In a sheltered glade surrounded by tall oak trees, there lived a small red cardinal. He was a young bird, inexperienced to the hardships of the wild. He spent his mornings stuck in a revelry, thinking of what could be, what has been, and what might change.
And so, he spent his days flitting from tree to tree, branch to branch, morning sun rise to night fall moon. One day, the butter yellow sun heaved its way to midday. The cardinal awoke on the branch of a linden tree, having traveled almost more than a fortnight in a panic. He was weary of his journey, and now, was at peace knowing the invisible wolves, forest fires, and eagles were behind him.
He was determined to rest and prepare his strength for the next journey, as he deemed to never stay idle in one place for long. The cardinal did a lazy circle over a nearby pond, his auburn wings a rusted color with the markings of life. But then, what it this? The cardinal chirruped in surprise! His wings seem to weaken, and with a sudden pause in flight, they faltered. He circled down with a crash before the striking figure below.

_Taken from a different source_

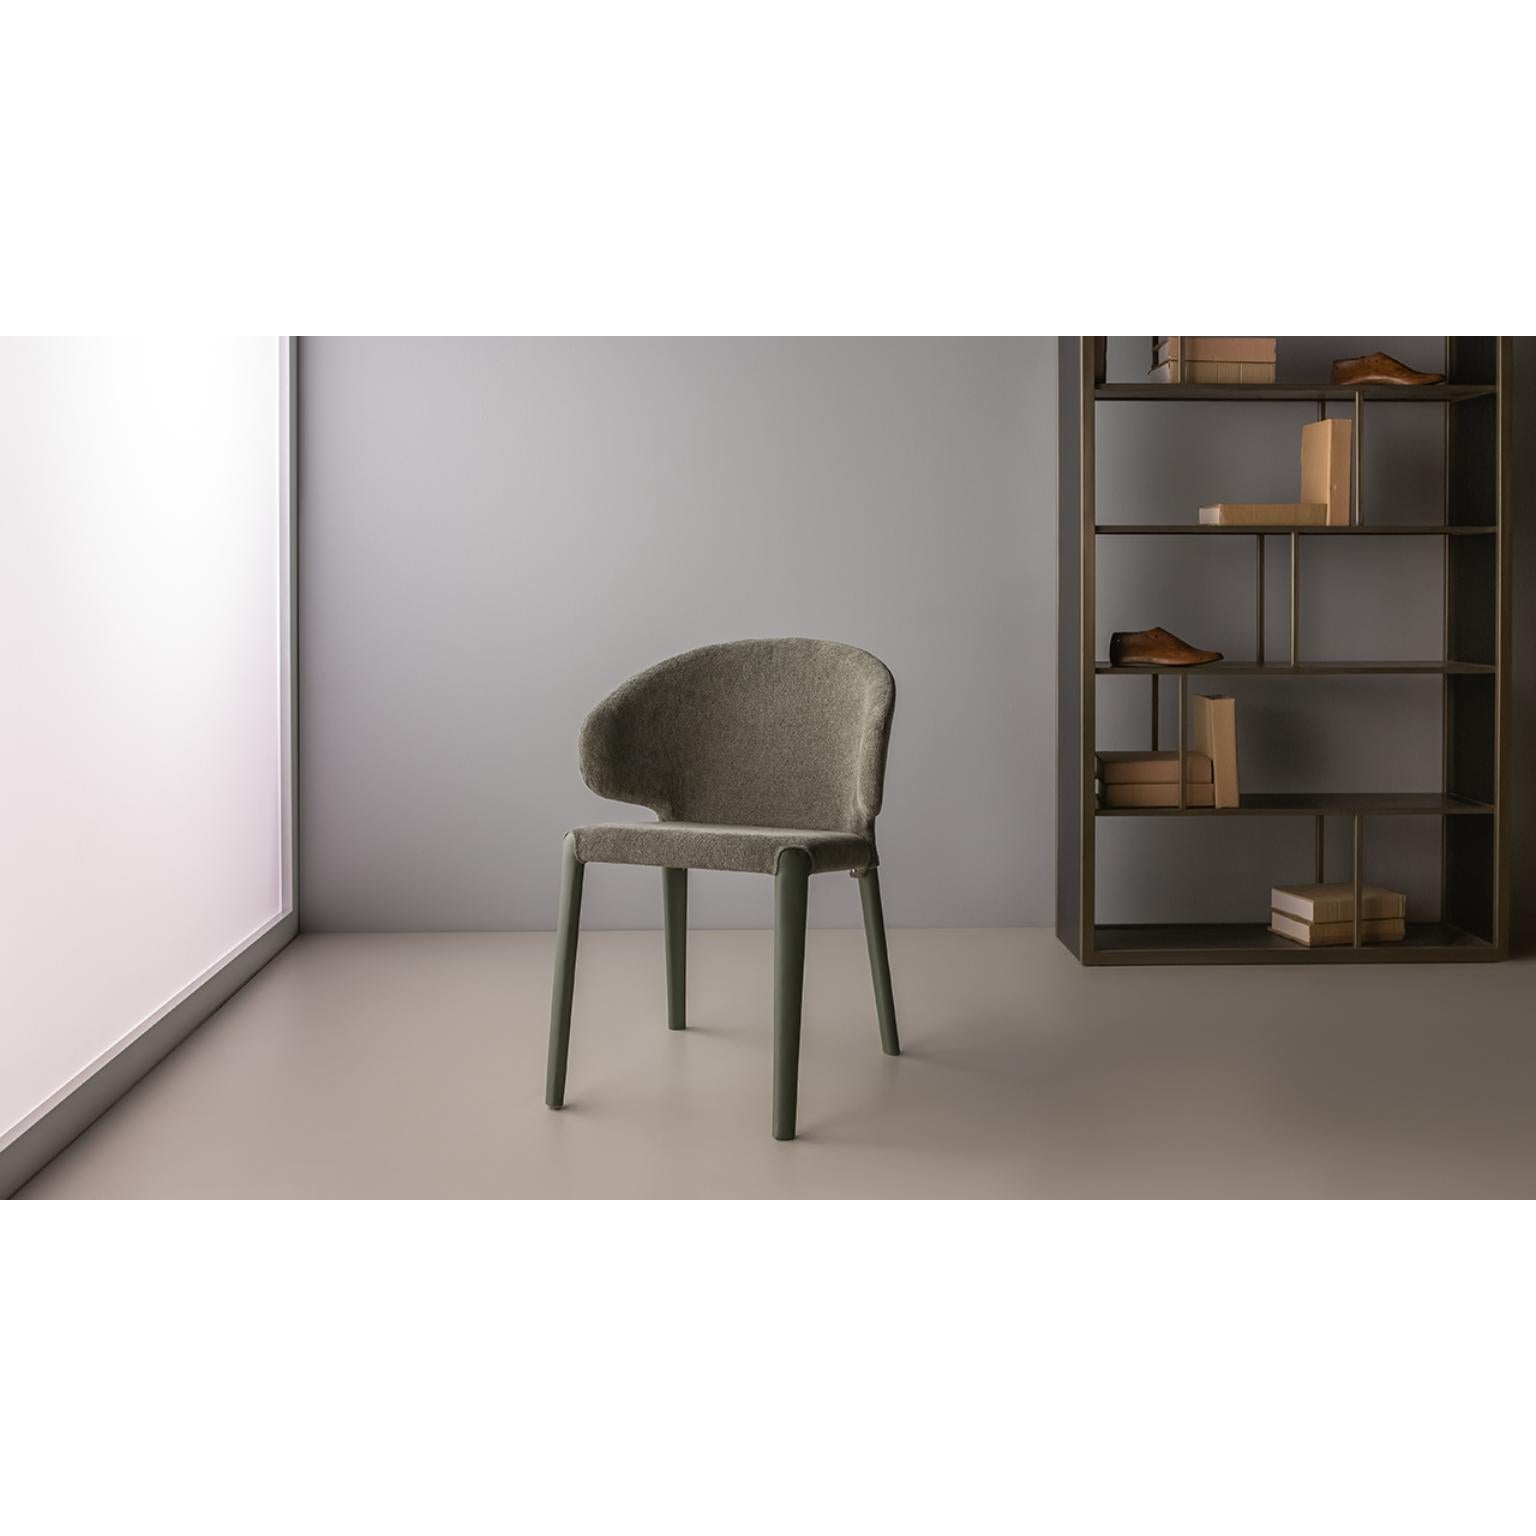 Hella-Stuhl von Doimo Brasil
Abmessungen: B 59 x T 58 x H 78 cm 
MATERIALIEN: Metall, Sitz gepolstert.


Mit der Absicht, guten Geschmack und Persönlichkeit zu vermitteln, entschlüsselt Doimo Trends und folgt der Entwicklung des Menschen und seines

A young, almost steel brown cardinal sat at the edge of the veridian green pond. She lay idle, peering closely at the koi and fairies that danced and flickered just below the surface. Her gaze never seemed to leave that pond, even as the male cardinal approached timidly.
He spent hours creeping to her side, until finally with a great release, he sat a mere inch from her. He was overcome with intense love and adoration for this mysterious companion.
For the next four months, he reveled in her company. By morning he brought fresh, plump earthworms, by midday shining bejeweled beetles, and by night a succulent blueberry. All these gifts he left by her side, to which they disappeared by from the time of his return, after his nightly departure.
She remained still, unable to communicate to him her gratitude with chirps of happiness. However much this bothered him, the male cardinal would forgive her as the comforting warmth of her feathers in the sun pressed into his own. This would change too soon in the coming winter.
The red cardinal, in a slow turn of events, noticed the coldness settle in his young lover. Her complexion no longer glowed under downcast clouds, her black eyes seemed glazed over with ice, and the warmth he once felt, now bit him with a sharpness too great to bear. His love waned, not absent, but weaker than before. Truly, the coming of a harsh winter brought out an even harsher side to the steel brown cardinal.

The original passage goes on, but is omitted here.